I cannot find any evidence counter to the hypothesis that
Melania edgariana (Lea 1841) of the Cumberland is a junior synonym of M.
troostiana (Lea 1838) of the Tennessee.
But let us save Lea’s name “edgariana” as a subspecies to describe
populations of P. troostiana bearing strongly costate shells, shall we? Again, I am duty-bound to remind my
readership that we here in the FWGNA project define the term “subspecies” in
its original, classical sense, and to point you to my essays of February and
March, 2014, for elaboration [8].
I do not want to nominate the population of edgariana at
site J as topotypic, however, since it inhabits the Collins River, and Lea
specified “Cany” Fork. So further
downstream, in 1948 the US Army Corps of Engineers built Center Hill Dam near
Smithville, and impounded the Caney Fork upstream 64 miles, almost to its
junction with the Collins River. Most
unexpectedly, to me in any case, several pleurocerid populations, including
edgariana, have survived the impoundment [9].
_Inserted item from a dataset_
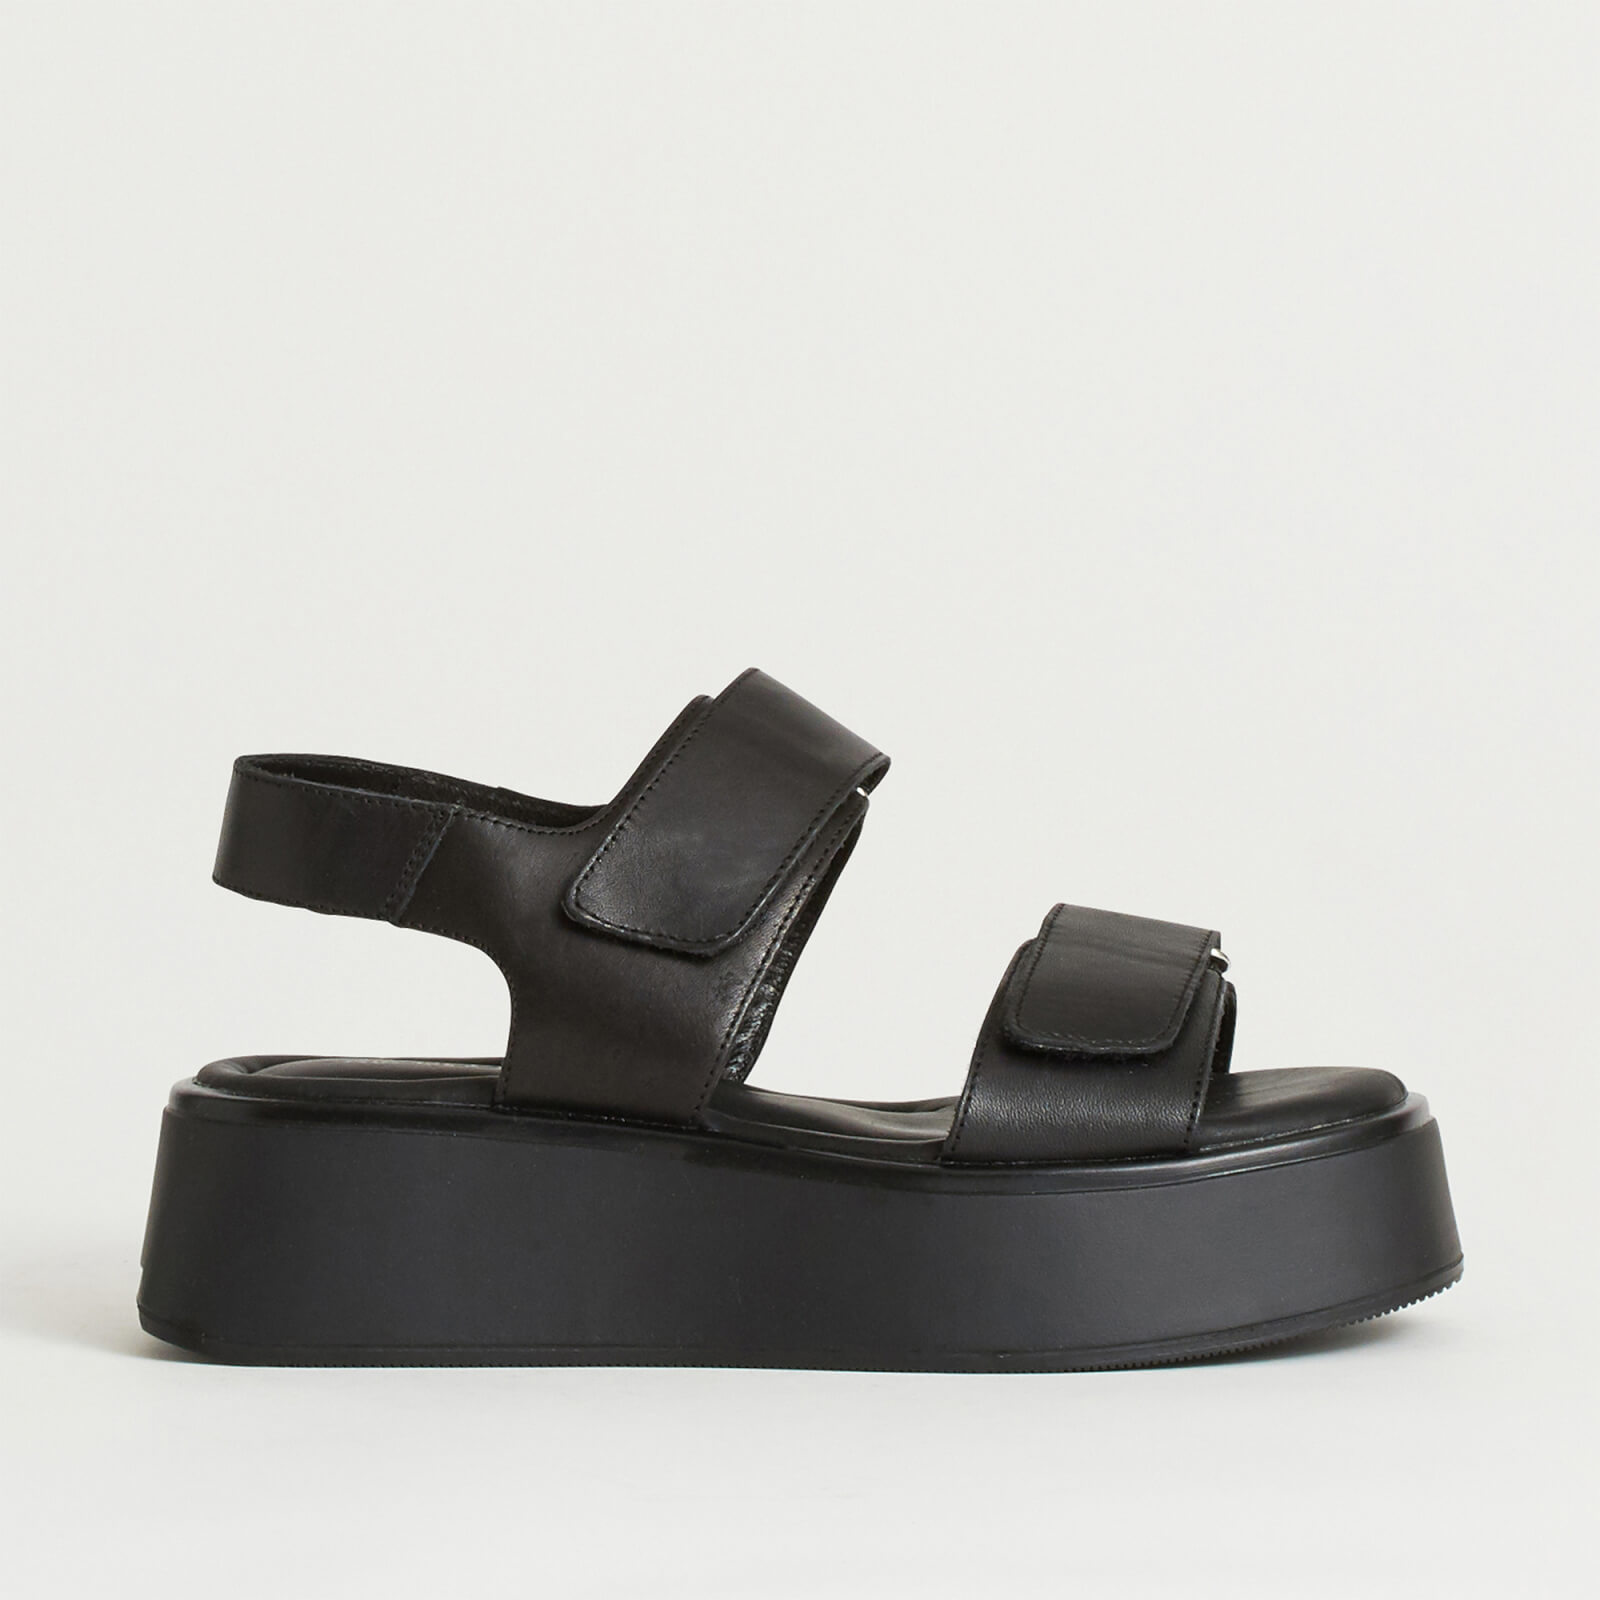 Vagabond Women's Courtney Leather Double Strap Sandals - Black/Black

The shell labelled (I) in the figure above was collected during the
winter draw-down from a population inhabiting the sandy shallows of Center Hill
Lake at the Floating Mill Recreation Area (36.0460, -85.7620).
But again, I hate to restrict an 1841 type locality to a
1948 impoundment. So the Caney Fork
picks up again below the Center Hill Dam and flows another 25 miles to its
mouth at The Cumberland River. The shell
labelled (H) in the figure above was sampled at the TN 264 bridge (36.1816,
-85.9081), a spot I suggest as the type locality for Pleurocera troostiana edgariana by virtue of ease of access, as well as historical fidelity.
As Goodrich [5] suggested, Pleurocera troostiana edgariana
populations seem to range widely across the Cumberland drainage of TN/KY,
including the Stones, Harpeth, and Obey Rivers as well as the
Caney/Collins. And indeed, several of
the larger tributaries of the Tennessee River in Middle Tennessee also host
edgariana populations, including the Duck [10] and the Elk. We depicted a specimen from the Elk River at
Kelso (site “G”) last month, as a teaser for this month’s essay.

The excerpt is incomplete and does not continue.